Paylaş
Öncelikle İstanbul’dan direk uçuş ile yaklaşık 3,5 saatlik bir yolculuk sonrasında Amsterdam’a varabiliyorsunuz. Havaalanı, şehir merkezinden sadece yarım saat uzaklıkta. Havası yaklaşık 8 ay boyunca sisli, puslu ve yağmurlu olduğu için güneşli havayı yakaladığımızda kendimi nasıl şanslı hissettiğimi anlatamam! Tam bir bahar havası… Güneş içimizi ısıttı. Mayıs ayında ziyaret etmenizi ısrarla tavsiye ederim!
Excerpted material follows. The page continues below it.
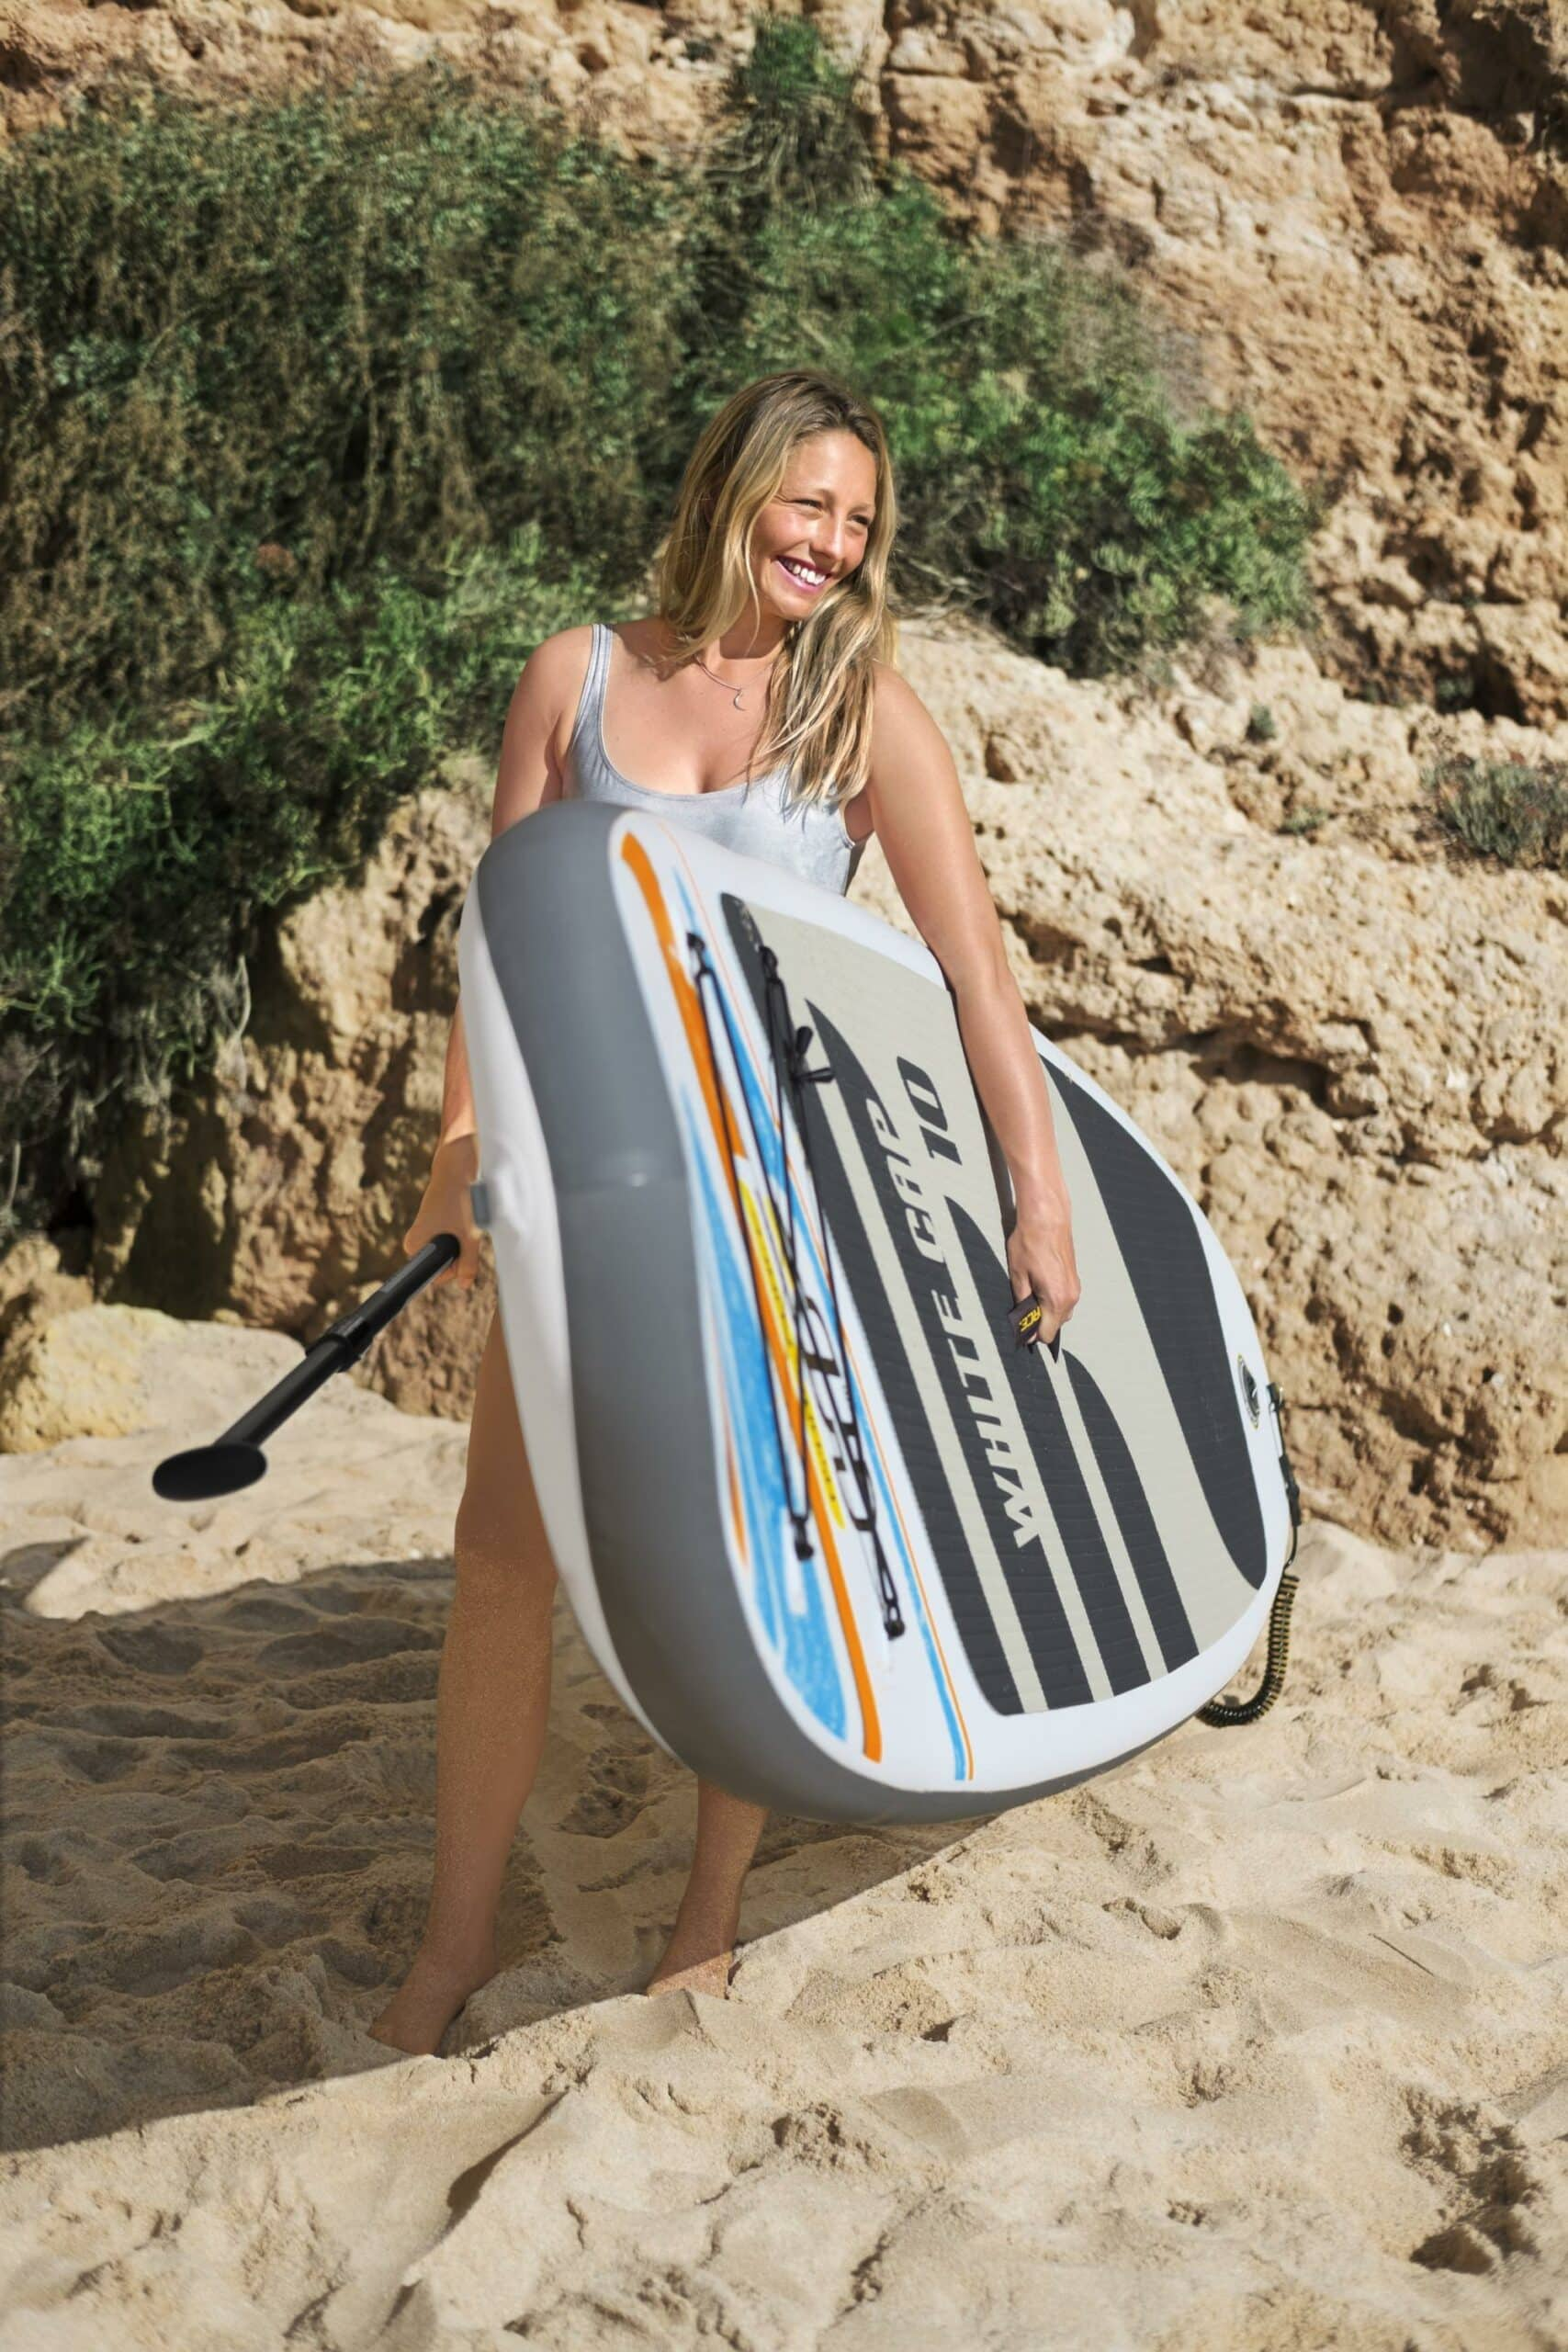 White Cap Paddle Board Sup Brett

Hem doğum günüm sebebi ile hem de o çok beklediğim lale zamanı için Amsterdam biletlerimizi aylar öncesinden aldık. Her sene Nisan sonu Mayıs başı aralığında Lisse bölgesinde gökkuşağının her rengini kapsayan çeşit çeşit laleler tarlalara ekilir. Çok kısa süre devam eden bu görsel şöleni dünyanın dört bir yanından turistler görmeye geliyor. Bizim gibi.
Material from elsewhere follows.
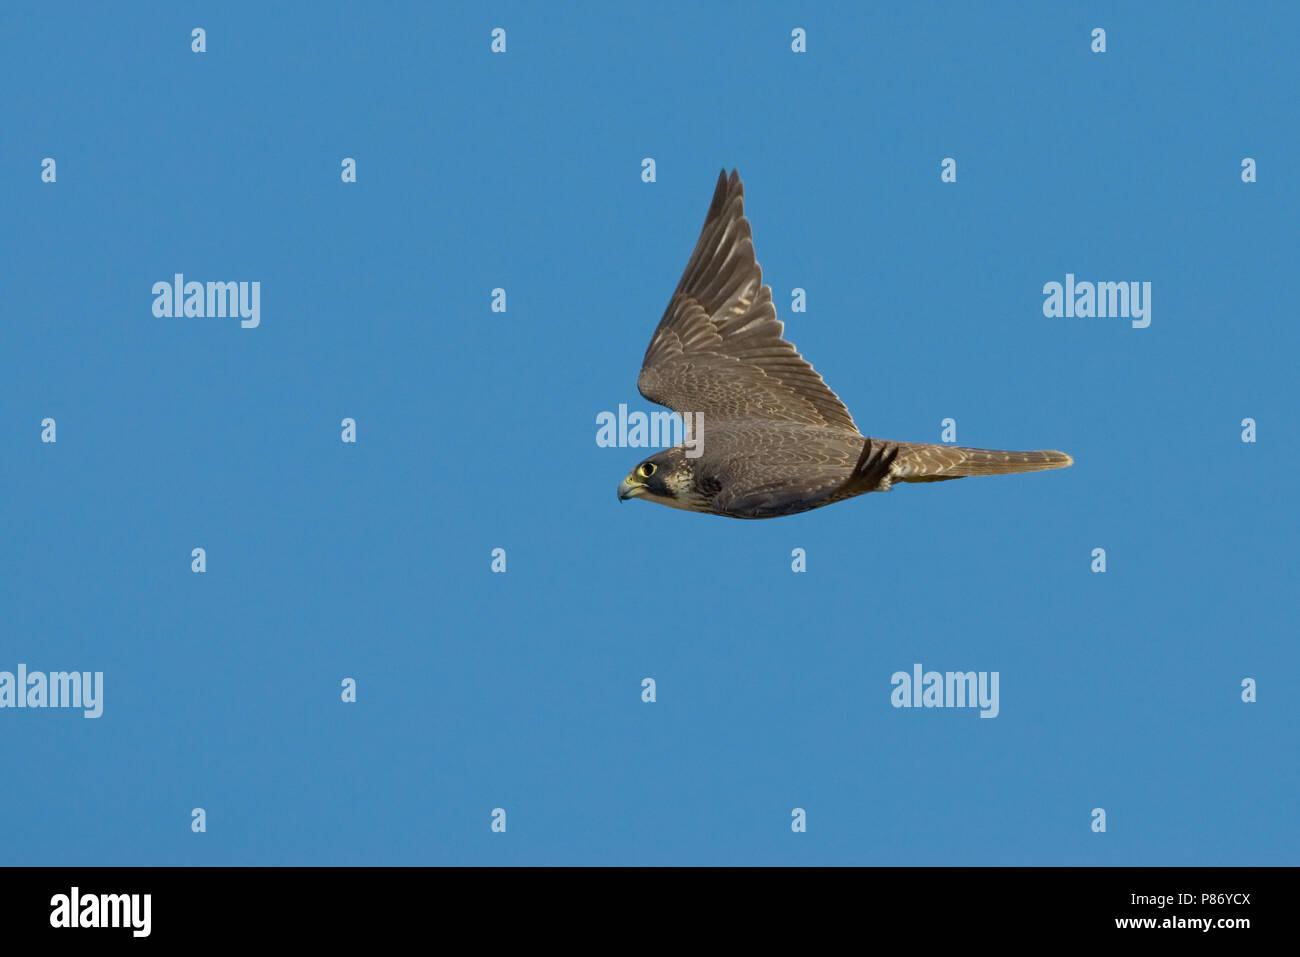 Pellegrino; Peregrin; Falco peregrinus - Stock Image

Amsterdam’ın biraz dışında kalan bu bölgeye tur otobüsleri gidiyor ama çok kalabalık olduğu için biz araba kiralamayı tercih ettik. Uber’le de gidebilirsiniz. Amsterdam’ın meşhur Dam meydanında bol bol yürüyeceksiniz. Çeşit çeşit mağaza ve kafelerle dolu bu cıvıl cıvıl meydan insana enerji katıyor. Ulaşım adına en iyi yöntem Uber’di. Çoğu da Türk olduğu için hepsiyle çok iyi anlaştık. Toplu taşımaları da tercih edebilirsiniz ama bisiklet kiralamayı da bir düşünün derim.
Amsterdam kadar canlı bir Avrupa şehri bence yok! Her daim sesli, koşturmacalı ve bol bisikletli… Bisiklet demişken kullananlar yayalara karşı hiç kibar değil. Bebekle gezmemize rağmen bunu görüp yol vermiyorlardı. Biraz yola doğru adım atsak bir küfür etmedikleri kalıyordu. Son hız sanki inadına üstünüze sürüyorlar. Biraz garipsedim açıkçası. O yüzden şehri gezerken bisikletli arkadaşlara çok dikkat edin! Kanalları ile meşhur olan bu bölgede her sokak ve her kanal neredeyse birbirinin aynısı. Gezerken buradan daha önce geçmiştik diye düşünürken aslında bambaşka bir sokak olduğunu anlıyorsunuz. Kanalların kenarlarında herkes bisikletini park ediyor. Haliyle fotoğraf çekmek için de bizlere çok güzel malzeme çıkıyor. Bisiklete binmeyi her zaman çok sevmişimdir ama bu sefer yanımızda Aslan olduğu için kiralayamadık. Eğer bebeğiniz olmadan giderseniz mutlaka bisiklet kiralayarak şehri keşfetmenizi tavsiye ederim.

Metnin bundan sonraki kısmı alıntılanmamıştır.